INFORMATION PROVIDED ->
__________

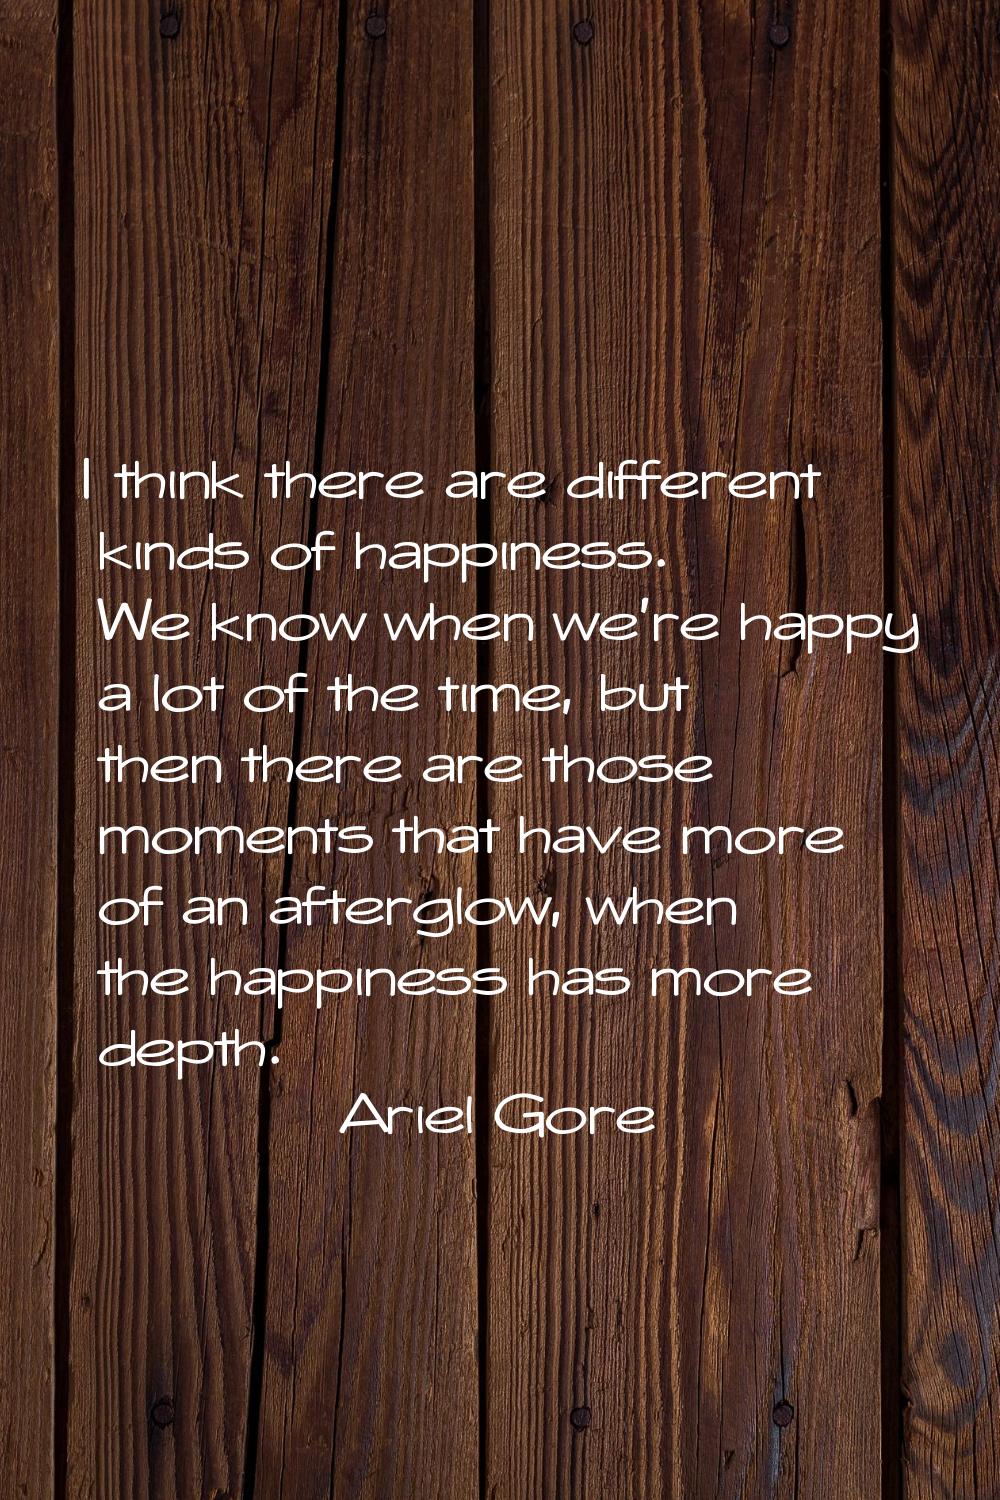 I think there are different kinds of happiness. We know when we're happy a lot of the time, but the
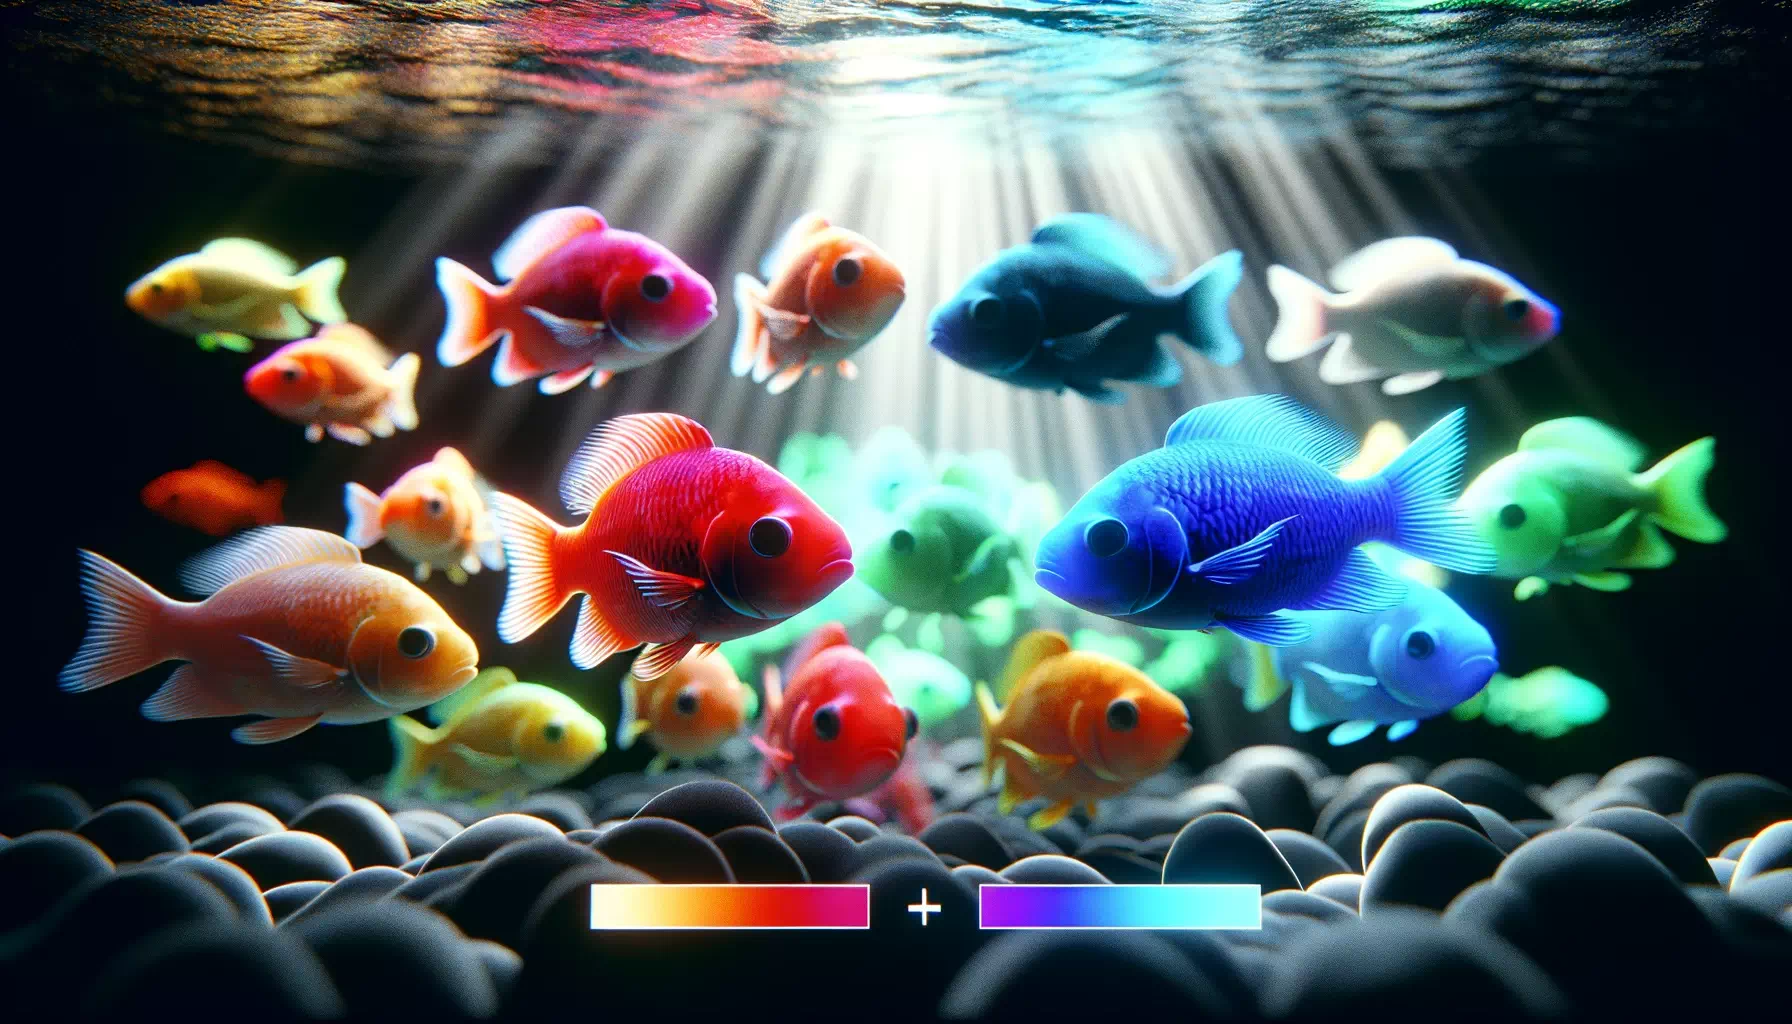 showing GloFish in an aquarium, with some exhibiting signs of color fading, symbolizing color-related health implications. The image sh
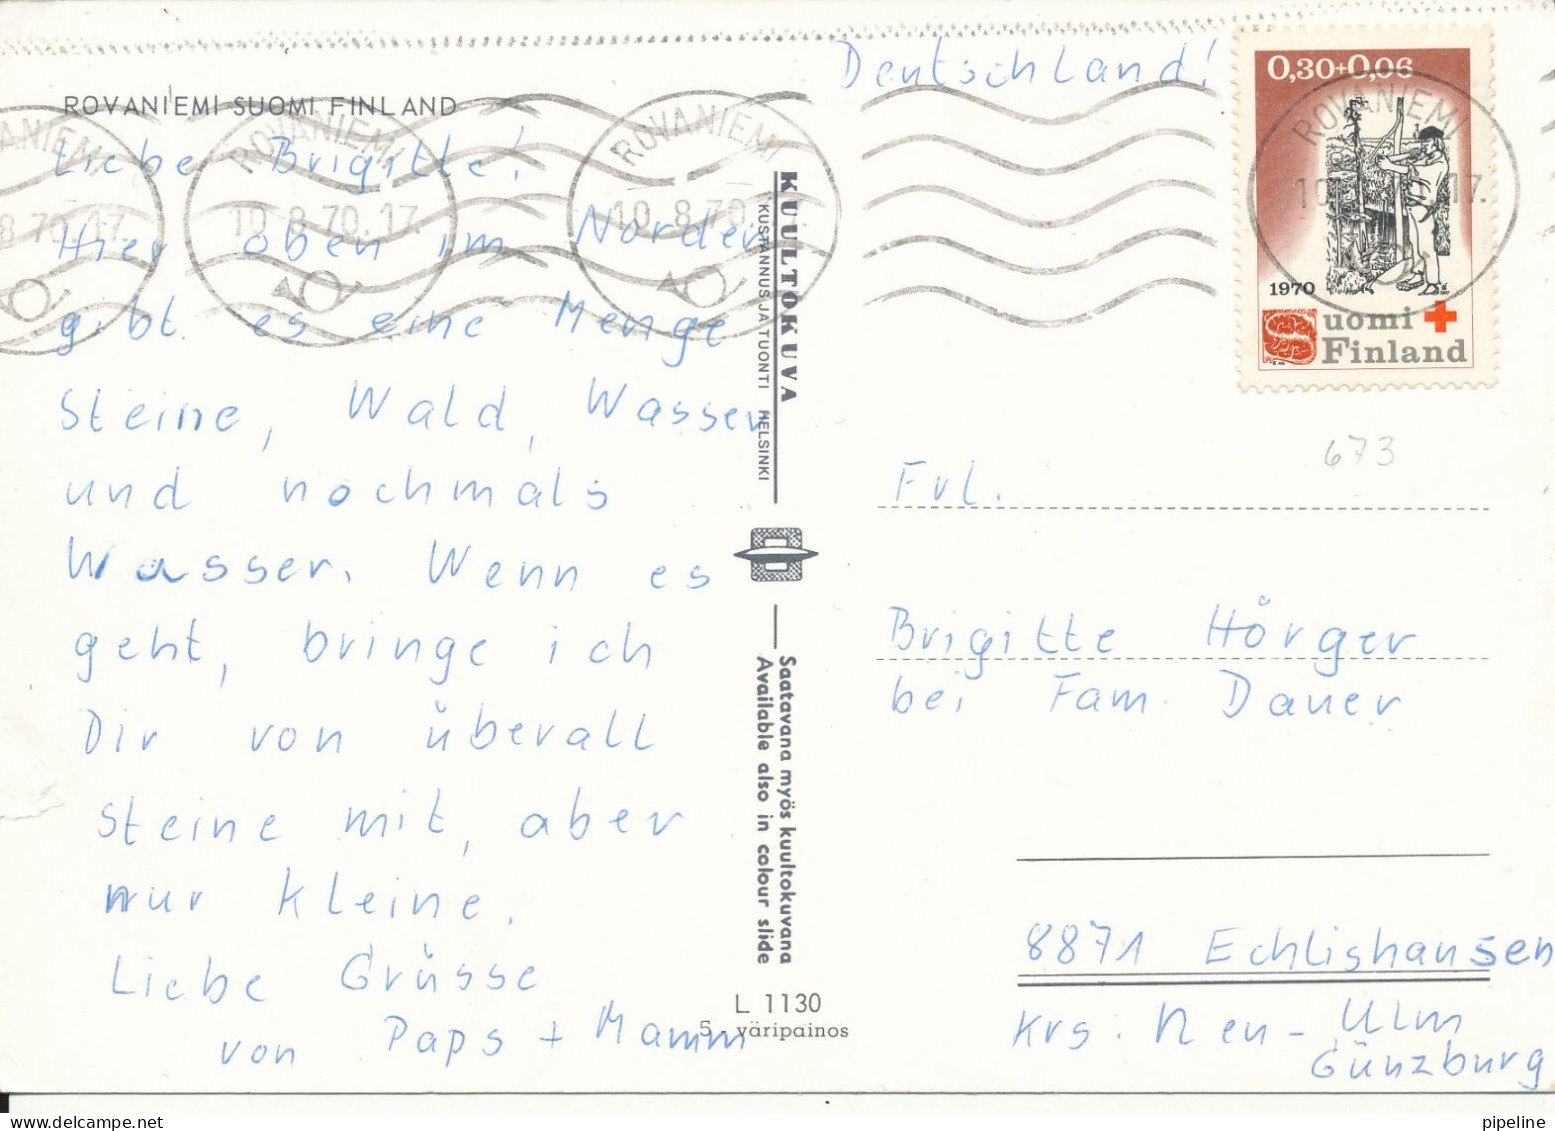 Finland Postcard Send To Germany Rovaniemi 10-8-1970 (Rovaniemi) There Is A Tear In The Right Side Of The Card - Finlandia

__________

ACTIVITY -> Leaving every picture out, please copy exactly the lines from the one holding "showing GloFish in" through the last line of the listing, both ends included.

EXERCISE SOLUTION ->
 showing GloFish in an aquarium, with some exhibiting signs of color fading, symbolizing color-related health implications. The image sh
 Finland Postcard Send To Germany Rovaniemi 10-8-1970 (Rovaniemi) There Is A Tear In The Right Side Of The Card - Finlandia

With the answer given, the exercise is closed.